In the beginning, the software controlling the shades had to be re-programmed to maintain the appropriate temperature for the building's sensitive holdings. “There was a shaking off period,” said Southwick of the tweaks and adjustments necessary during the first few months. He also mentions the large skylights that suffered water leakage and had to be refitted. “On such a large project, things that weren't constructed per spec are prone to problems,” he said. Indeed, complex systems that underpin the Morgan have been a model of precision design, but the more prosaic, low-tech aspects have proved less stable over the years. “We imported many components from all around the world,” said Southwick, referring to the counterbalance doors at the front of the Madison Avenue building. “For something as simple as a hinge door, it might have been better produced locally.” Meanwhile, the bronze doors on Madison Avenue have a tendency to jar. “It's been a chronic issue,” said Southwick.
Lord Doug Mass of Cosentini, the project engineers, echoes Southwick's satisfaction with the functioning of these details as well as with the design's ability to hide features that are working the hardest. Mass cites, specifically, the displacement ventilation system, which is secreted into the structure. The specially designed mechanism filters cool air into the atrium at floor level depending on how many people are populating it, and has worked almost flawlessly. The limitations of the site—essentially a glass-box connector between the two early 20th-century buildings—have informed the level of scrutiny in design. “Everything is knitted together because we had no other choice,” said Mass, noting that 80,000 of the Morgan’s 136,000 square feet are nestled below grade in a bathtub underground that is the first of its kind at that scale in New York. “It had to be failsafe,” said Southwick.
The Solaire, Verdesian, and Visionaire
Pelli Clarke Pelli Architects
Manicured waterfront parks and quiet cul-de-sacs may lend Battery Park City a retro-suburban gloss, but in terms of environmental design it has long been a model of forward planning. The residential towers, Solaire (2003), Verdesian (2006), and Visionaire (2008) are the products of the same team of developer, architect, contractor, and an army of enlightened consultants making the set of three built over six years an effective testing ground for what does and doesn’t work in sustainable residential construction.

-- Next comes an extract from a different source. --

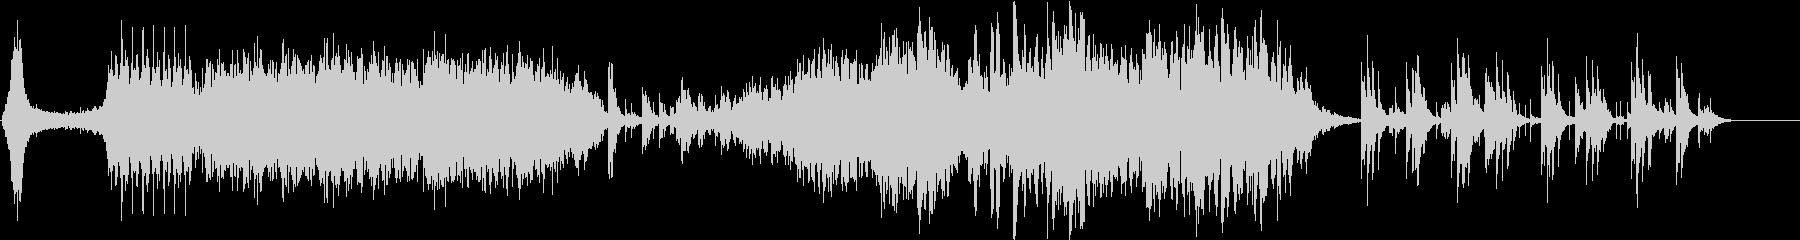 【ファンタジー】民族楽器・ストリングスの未再生の波形

In 2000 the Battery Park City Authority developed the basic green guidelines that made the 27-story Solaire rental the nation’s first green residential high-rise. It has photovoltaics recycled from computer disks armoring the bulkhead and decorating the facade producing a fairly modest amount of electricity for common areas, a basement black-water system, gas-absorption chillers, micro turbine heat recovery and fresh air duct systems, sensor lighting, extensive green roofs, and public areas decked in bamboo, cork, wheat grass rugs and a full array of recyclable materials. The building was pre-LEED in 2003, but it achieved an impressive LEED Platinum rating as an existing building in 2009.
On a recent tour Michael Gubbins, building manager for all three towers developed by the Albanese Organization, noted some of the lessons learned and design changes across the three towers. To meet on-site electric supply requirements, the Solaire deployed photovoltaics and so does the Verdesian, where they were combined with a micro turbine, while the Visionaire tops that with integrated PV’s, a micro turbine, and regenerator elevators. In addition, the Visionaire was able to take advantage of a large-panel curtain wall system (with 4,500 square feet of integrated PV-paneling) that didn’t exist for residential buildings five years ago.

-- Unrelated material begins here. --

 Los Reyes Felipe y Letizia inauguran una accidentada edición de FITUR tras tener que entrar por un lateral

Gubbins noted that PV’s “take longer than anything else to justify the cost.” They are most valuable as a high-visibility “signifier to the public that the builder is thinking differently.” Indeed, some 7,000 people have toured the Solaire. While both the Solaire and Verdesian generate about the same 5% from their PV panels, Gubbins said that easy-to-install micro turbines deliver the same with the added advantage that the resultant heat can be recycled—always a big plus in the green scheme of things. Also of limited advantage are the heliostats on the roof of the 25-story Verdesian that are intended to bounce daylight into the sun-deprived courtyard between buildings. Their focused light beams look like they might be better at frying ants.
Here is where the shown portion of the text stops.